Hält fest an Amt und Würden: Lamine Diack (links) mit Stabhochspringer Renaud Lavillenie Bild: Reuters

Erst eine Woche nach der ARD-Enthüllung zu Doping in Russland meldet sich der Präsident des Leichtathletik-Verbandes zu Wort. Doch was Lamine Diack zu sagen hat, klingt seltsam. Deutlichere Worte findet Robert Harting.

          Damit nicht der falsche Eindruck entsteht, weil man gar nichts gehört hat seit einer Woche: Die Leichtathletik ist nicht gelähmt vom Vorwurf des systematischen Dopings in Russland und seiner Vertuschung im Verbandssitz in Monaco, natürlich nicht. Stattdessen: „Ich habe auf die Fragen nicht geantwortet, weil ich nicht die Agenda 2020 des IOC mit Dopingproblemen verderben wollte“, behauptet nun jedenfalls Lamine Diack, der Präsident des Leichtathletik-Weltverbandes IAAF.

          Michael Reinsch

          Korrespondent für Sport in Berlin.

          Eine Woche waren die Vorwurfe des ersten deutschen Fernsehens alt, eine Woche schon dauerte das beredte Schweigen der Sportwelt an, als der greise IAAF-Präsident am Mittwoch in einem Interview versprach, die Sache zu klären. „Lassen Sie mich die Situation regeln“, sagt er im Interview mit der Sport-Tageszeitung „L‘Équipe“. Diack verriet nicht, welche Maßnahmen er ergreife. Vielleicht, deutete er an, werde der russische Verbandspräsident Walentin Balachnitschew zurücktreten. Auf die Frage, ob er Verantwortung übernehmen und gehen wolle, erwiderte der Jurist aus Senegal: „Dies ist keine Frage. Auf solche Fragen antworte ich nicht.“

          Auf der Website des britischen „Guardian“ ist für kurze Zeit eine Meldung erschienen, nach der Diacks Sohn Papa Massata Diack vor der Abstimmung über die Vergabe der Leichtathletik-Weltmeisterschaft 2017 von Bewerber Doha fünf Millionen Dollar verlangt habe. Von Vater Diack wurde seinerzeit erwartet, sich zugunsten der qatarischen Bewerbungen um die Leichtathletik-WM und um die Olympischen Spiele für Terminverschiebungen einzusetzen. Die WM 2017 ging an London; Qatar hat in diesem November den Zuschlag für die Titelkämpfe 2019 erhalten. Ein Sprecher der IAAF sagte, Papa Massata Diack bestreite den Empfang einer solchen Zahlung und einer solchen Forderung im Namen der IAAF.
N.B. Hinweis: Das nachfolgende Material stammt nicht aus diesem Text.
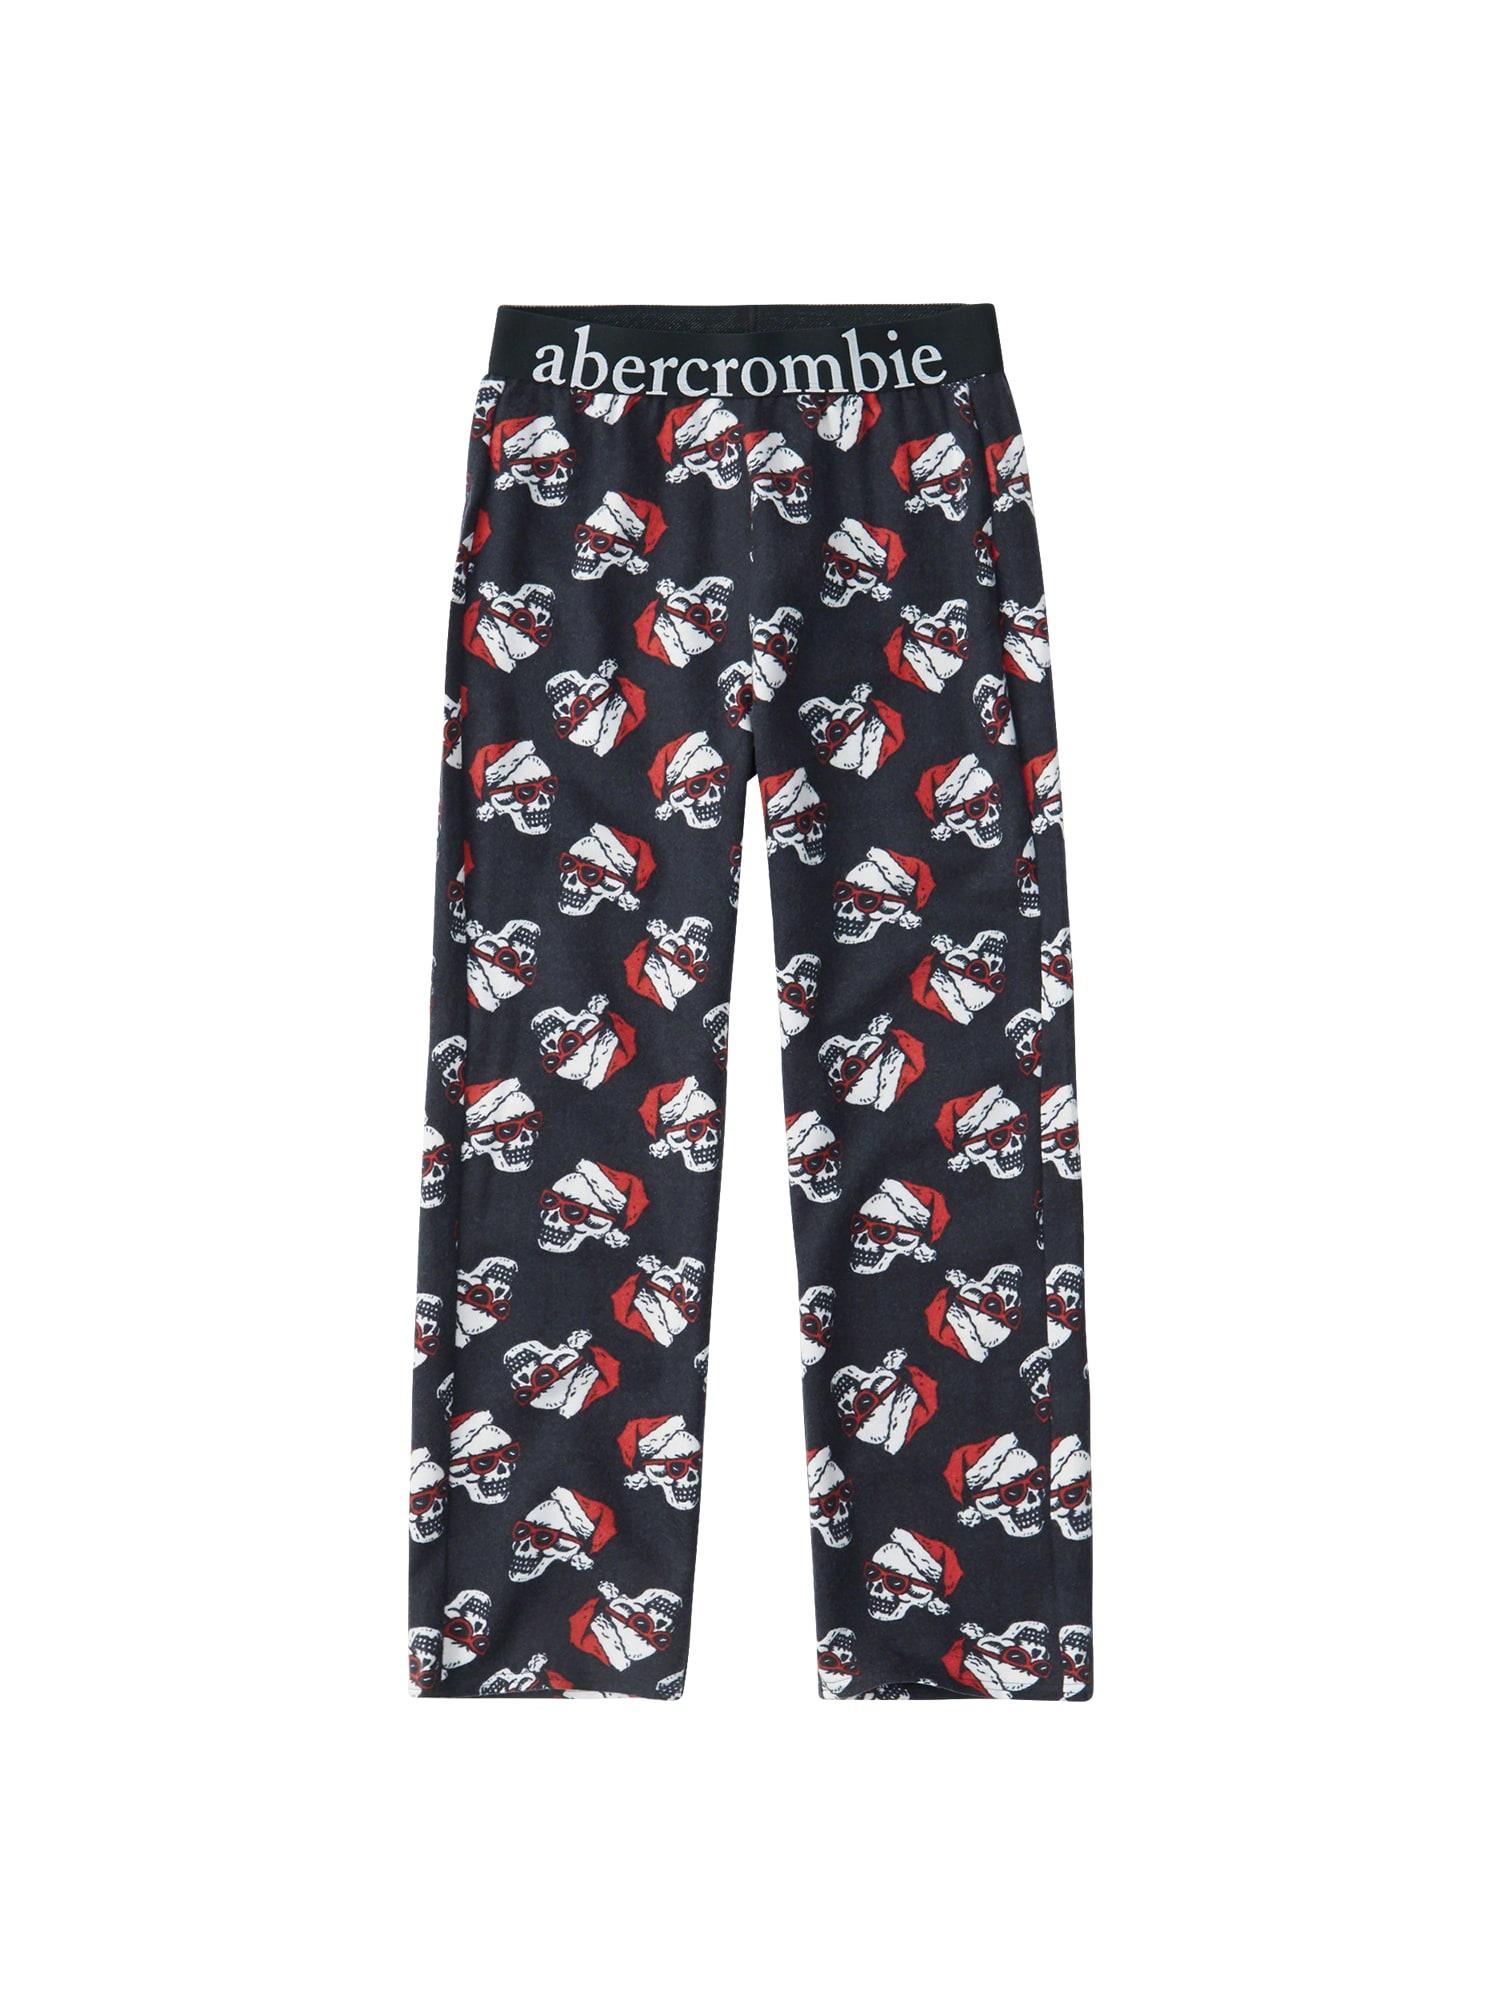 Pyžamo XM18-PERSONALITY SLEEP PANTS námořnická modř Abercrombie & Fitch

          Lamine Diack, 81 Jahre alt, sagt, sein Sohn sei mit fünfzig Jahre alt genug, sich selbst zu verteidigen, sobald er von einer China-Reise zurückgekehrt sei - im Gegensatz zu 1989, als ihn die Sportrechteagentur ISL mit 24 Jahren verpflichtete. Papa Massata Diack akquiriert mit seiner Agentur Sponsorverträge für die IAAF und nimmt dafür Provision. 1993 erhielt der damalige Vizepräsident Lamine Diack rund 44.000 Euro von ISL, während diese mit seinem Verband über Fernsehrechte verhandelte. Das Internationale Olympische Komitee IOC, dessen Mitglied er ist, verwarnte ihn dafür.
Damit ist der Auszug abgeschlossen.